2

I want to write an assembly program that executes via EXECVE (syscall #0x3C) the program /bin/ls with the switches -al.

The man page (man 2 execve) states that the call requires three values:

int execve(const char *filename, char *const argv[], char *const envp[]);

I don't quite understand how to build the three arguments. As far as I know, the first argument goes into RDI, the second into RSI, and the third into RDX. I believe that to set up the first one, it suffices doing

    push 0x736c2f2f         ;sl//
    push 0x6e69622f         ;nib/
    mov rdi, rsp

For the third one, the thing is quite easy:

    xor r11, r11
    mov rdx, r11

My problem is that I don't know how to build the second argument, which should be an array containing ['/bin//ls', '-aal']

I need to write it for x86-64, so please no int 0x80 suggestions.

Peter Cordes
  • 328,167
  • 45
  • 605
  • 847
neme666
  • 53
  • 7
  • Do you know C? You need to put your strings into memory somewhere and then put their addresses into the array, finally pass the address of the array to the syscall. – Jester Jan 20 '20 at 14:25
  • @Jester, although it's somewhat unconventional, It's not uncommon nor wrong to store strings on the stack. – h0r53 Jan 20 '20 at 14:30
  • I did not say anything about the stack. Stack is memory and will work fine. Anyway, another issue is that the `push imm32` still pushes 8 bytes so the string won't be correct, it will be `/bin<0><0><0><0>//ls` – Jester Jan 20 '20 at 14:32
  • 3
    @h0r53 There is no `push` instruction with an 8 byte immediate.
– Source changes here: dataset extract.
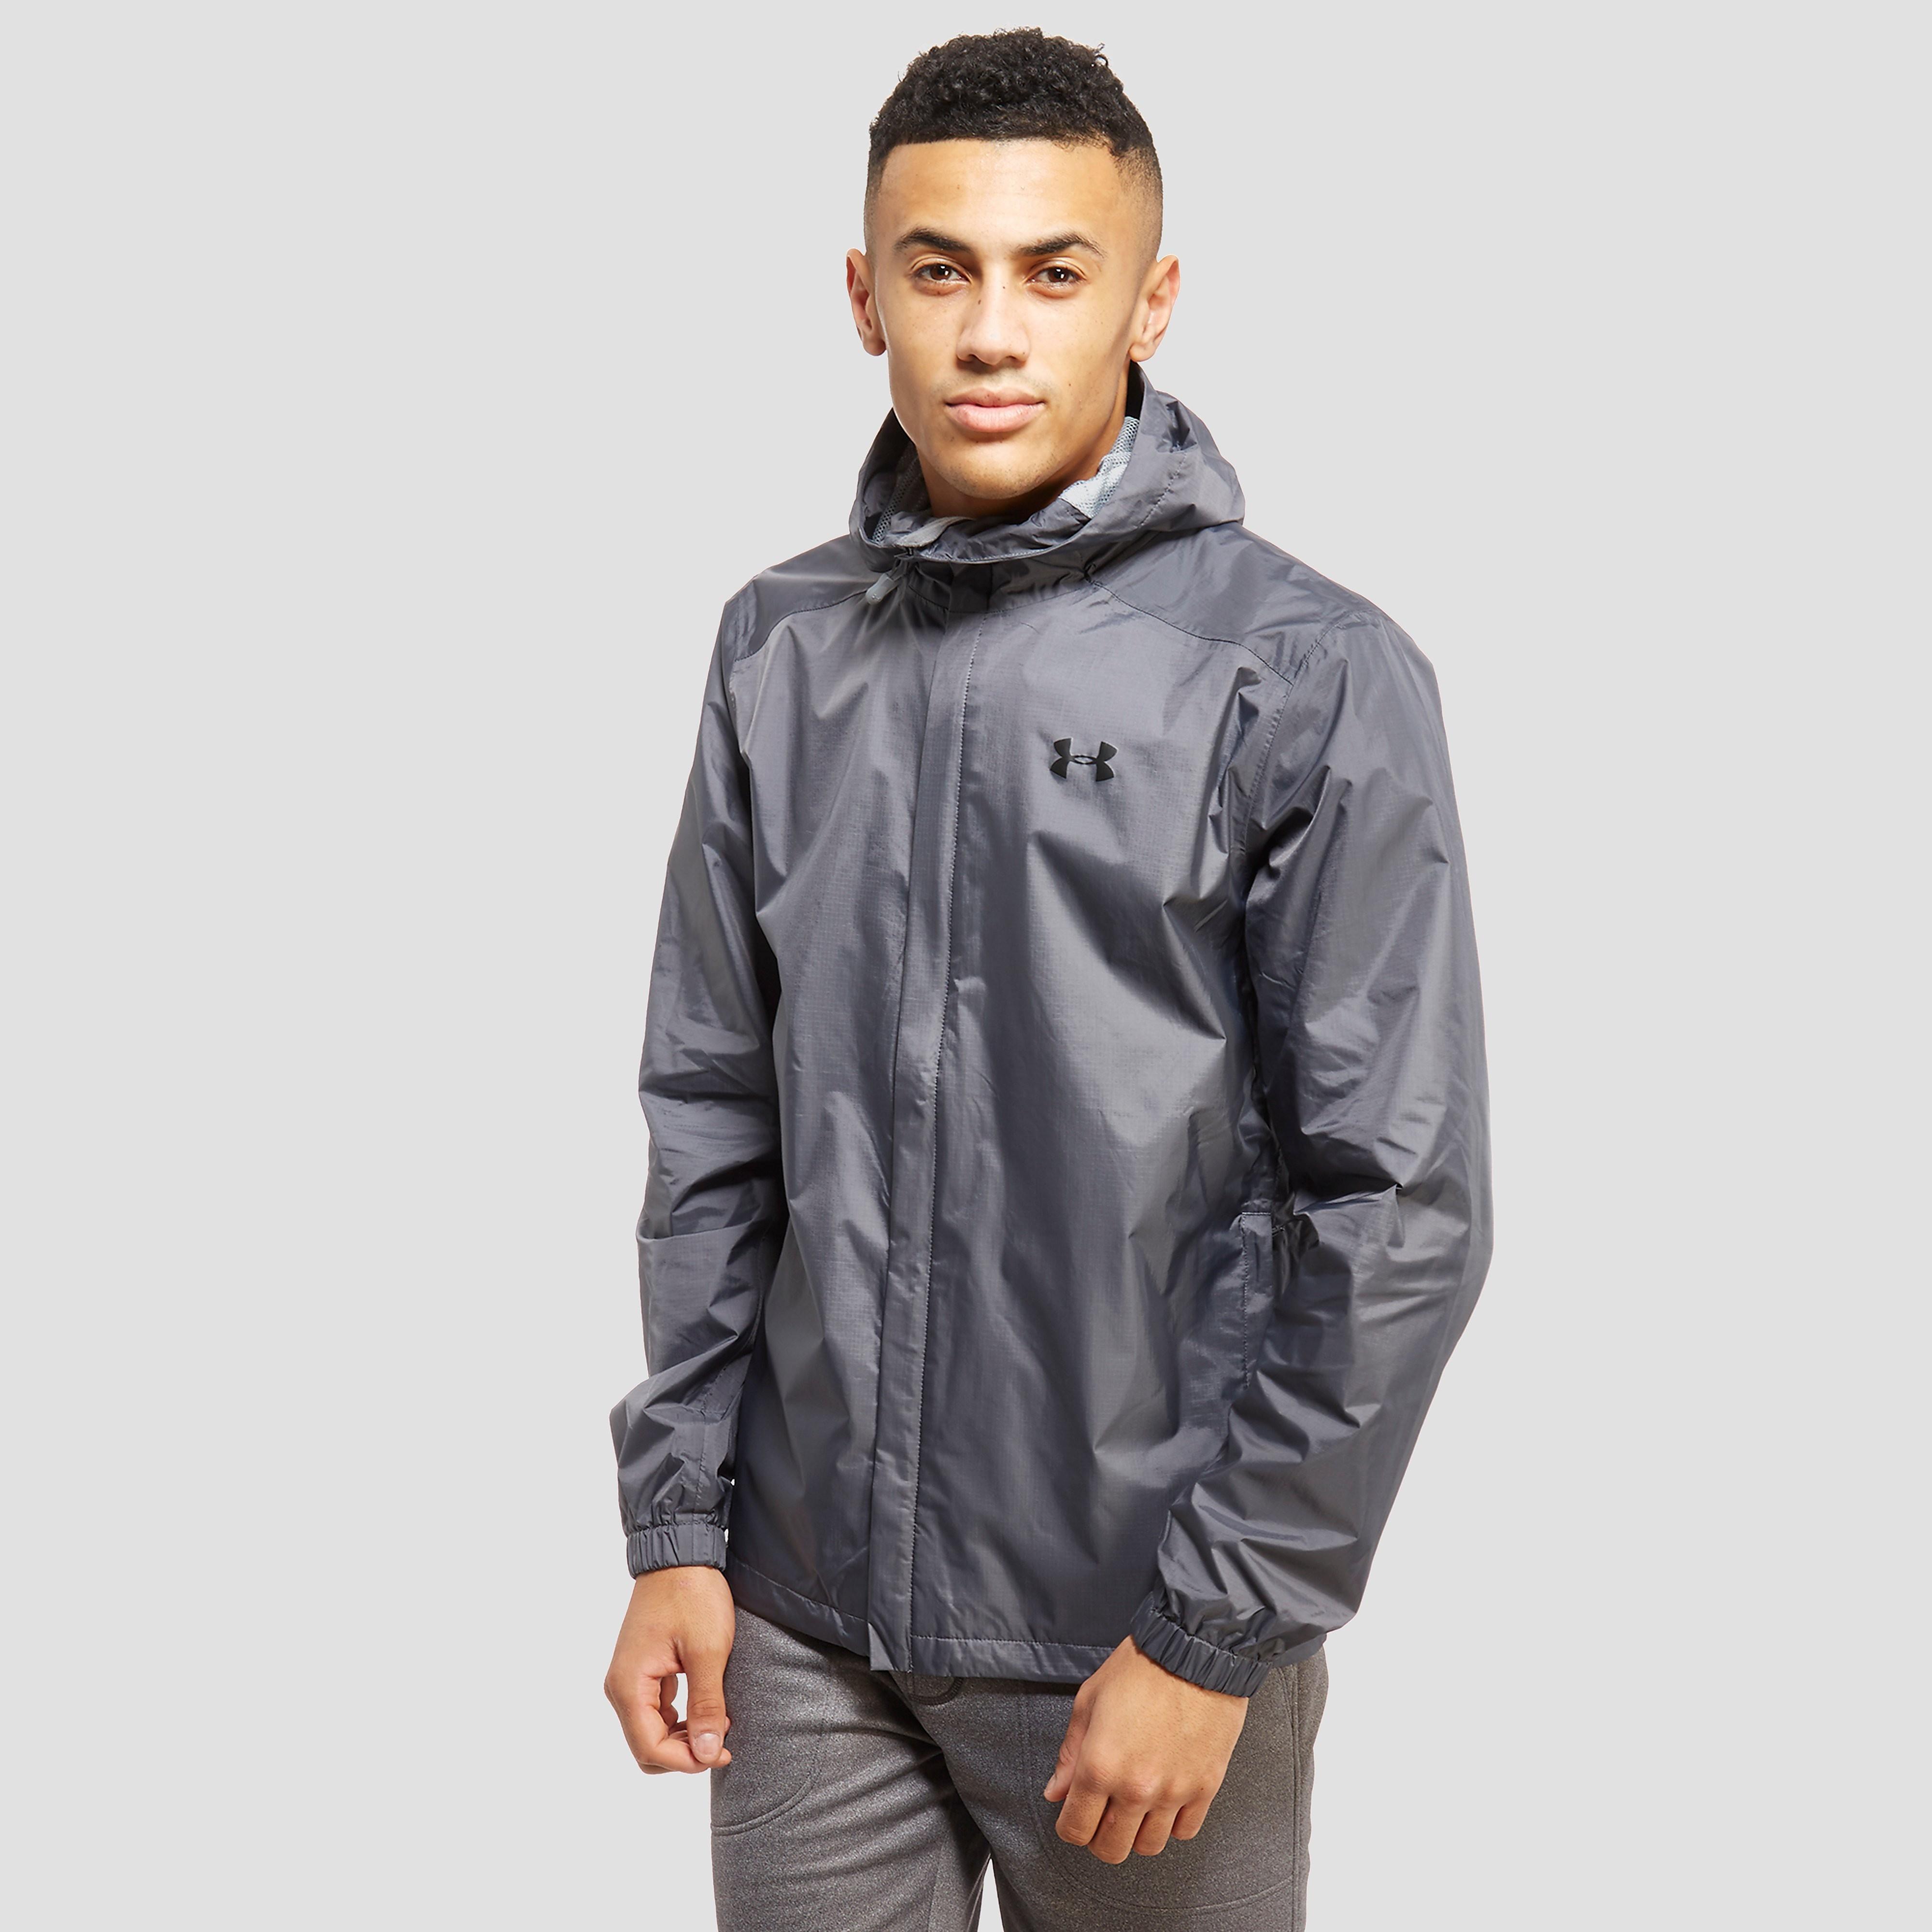 Under Armour Bora Men's Jacket
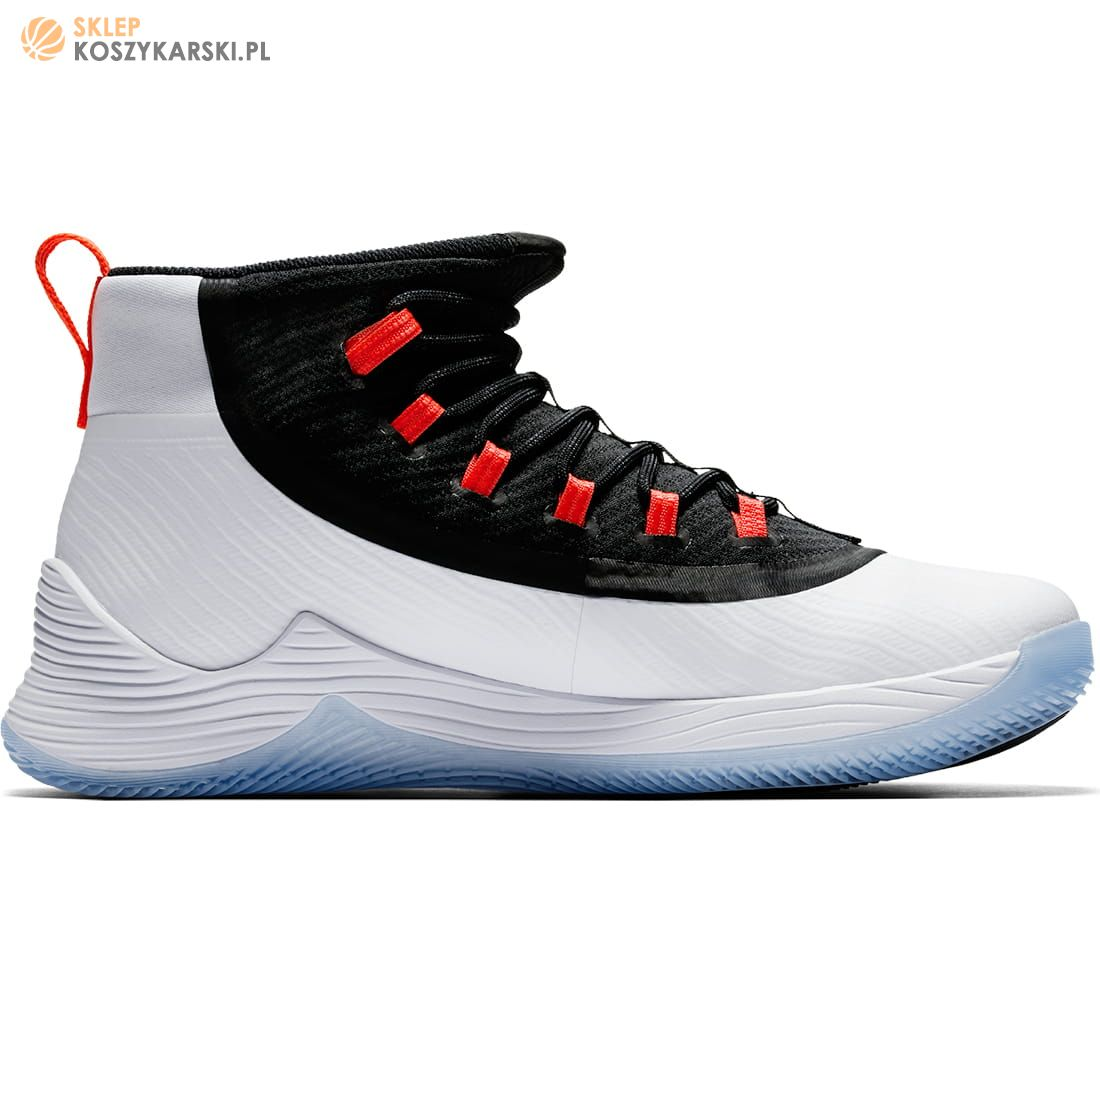 Buty Do Koszykowki Jordan Ultra Fly 2 897998 123 Sklepkoszykarski Pl

You have to move into a register and then push. – fuz Jan 20 '20 at 14:44
  • @neme666. Are you trying to write a shellcode exploit for Linux on the `AMD64` architecture? – fpmurphy Jan 21 '20 at 11:05
  • @fpmurphy - Not really. I haven't got any problem to write the old hs//nib/ shellcode - and one could also object that having a shell would be more than enough for running an ls -al command, indeed! But I want to learn more. That's it. – neme666 Jan 21 '20 at 11:15
  • 1
    Wait, so you *don't* need your code to be a contiguous block that doesn't contain an `0` bytes (i.e. shellcode)? Then it's trivial and you should just put the strings in memory with their terminating `0` bytes, and use RIP-relative LEA to get pointers to them. Does it even have to be position-independent? If not, the arrays of pointers can be static as well instead of writing instructions to get addresses and store them to the stack. i.e. you can basically just use compiler output. Why would you waste your time pushing strings if you aren't aiming for code-injection (shellcode)? – Peter Cordes Jan 21 '20 at 21:42
  • e.g. if you didn't care about making this shellcode-compatible, you could do stuff like ```mov rcx, `/bin/ls\0``` to avoid needing another push to zero-terminate, even if you did still want to make it self-contained and constructed from immediates. – Peter Cordes Jan 22 '20 at 17:15
  • @PeterCordes - I want to write first the program, then transform it into a shellcode as an exercise. The thing is that I am used to write shellcode and sometimes I am a bit 'dirty'. I wouldn't be too formal and pedant on this, right now. It'd be better having a good explanation on why the below code works, because I have some problems anyway. – neme666 Jan 22 '20 at 17:22
  • Ok, so you do have shellcode in mind as an eventual target, and want to write it in ways that *will* work in shellcode. Therefore it should be tagged with `[shellcode]`. – Peter Cordes Jan 22 '20 at 17:28

3 Answers3

5

You can put the argv array onto the stack and load the address of it into rsi. The first member of argv is a pointer to the program name, so we can use the same address that we load into rdi.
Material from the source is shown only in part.